TASK ITEM - Every line below from the one containing "Les sprinters de" through the one containing "范玮琪 – Faces of Fanfan 新歌+精选" is to be printed exactly, with the pictures omitted.

GIVEN ENTRIES -
######

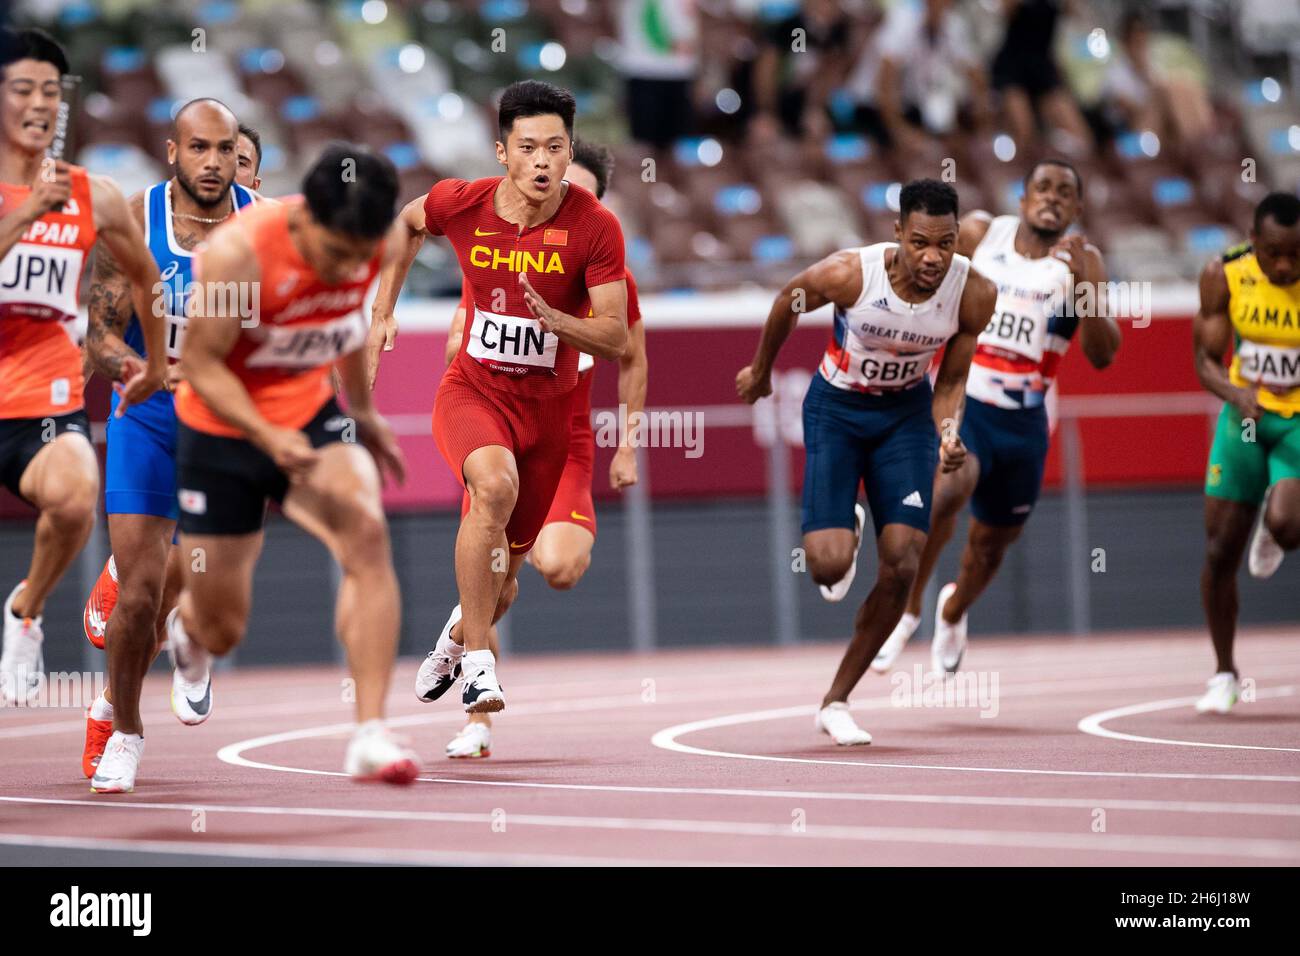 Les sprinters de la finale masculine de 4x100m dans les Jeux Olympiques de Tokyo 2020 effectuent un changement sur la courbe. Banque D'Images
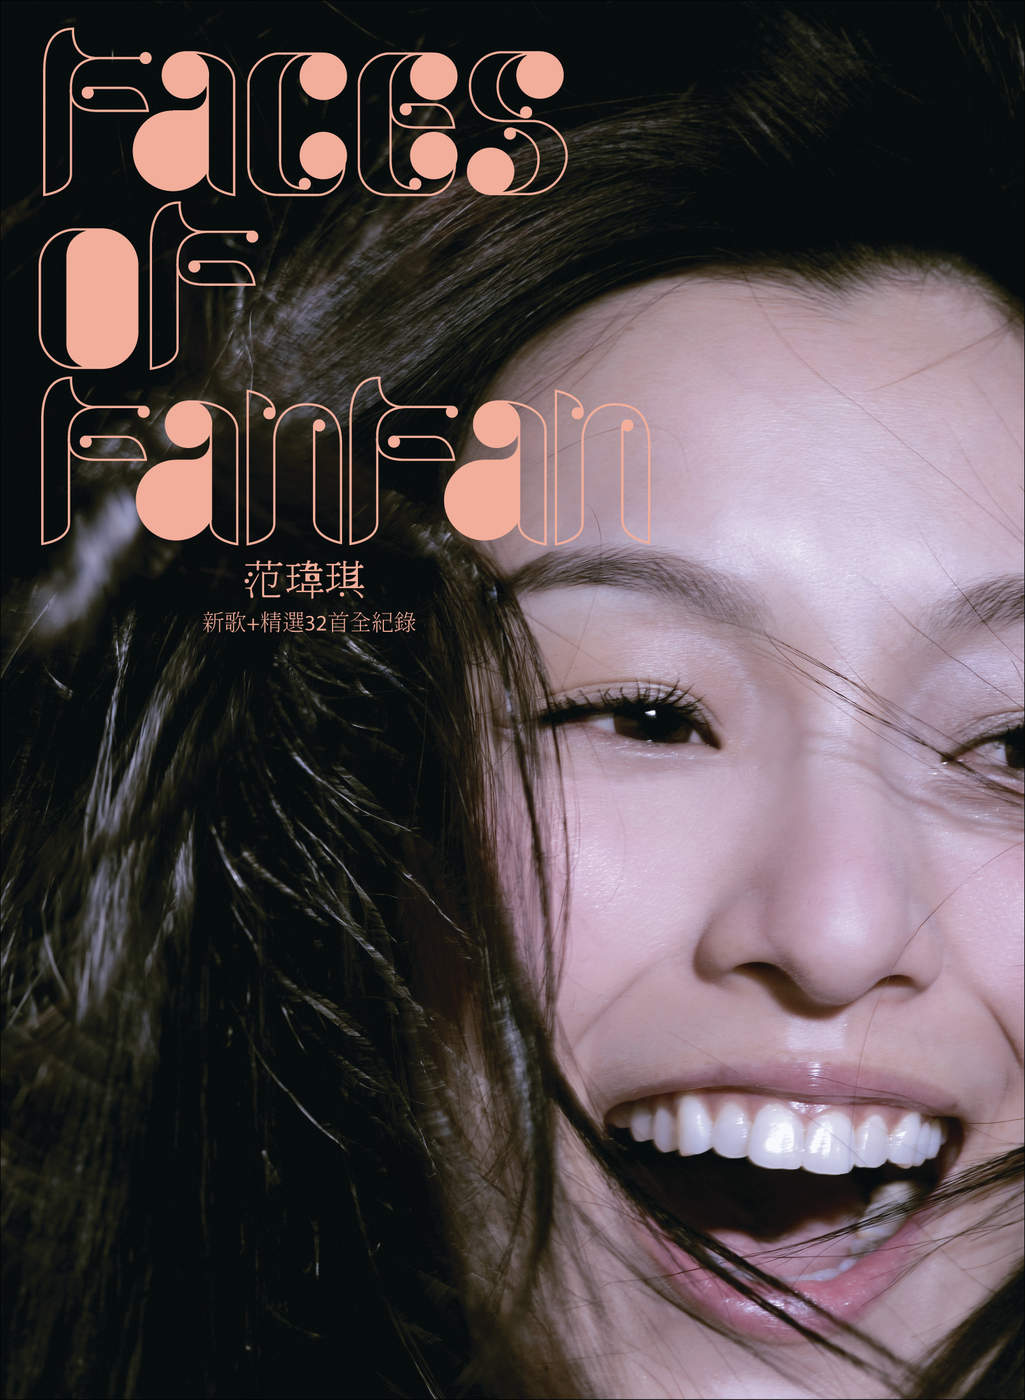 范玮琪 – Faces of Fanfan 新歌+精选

######

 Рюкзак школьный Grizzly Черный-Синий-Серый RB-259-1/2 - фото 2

######

SOLUTION -
 Les sprinters de la finale masculine de 4x100m dans les Jeux Olympiques de Tokyo 2020 effectuent un changement sur la courbe. Banque D'Images
 范玮琪 – Faces of Fanfan 新歌+精选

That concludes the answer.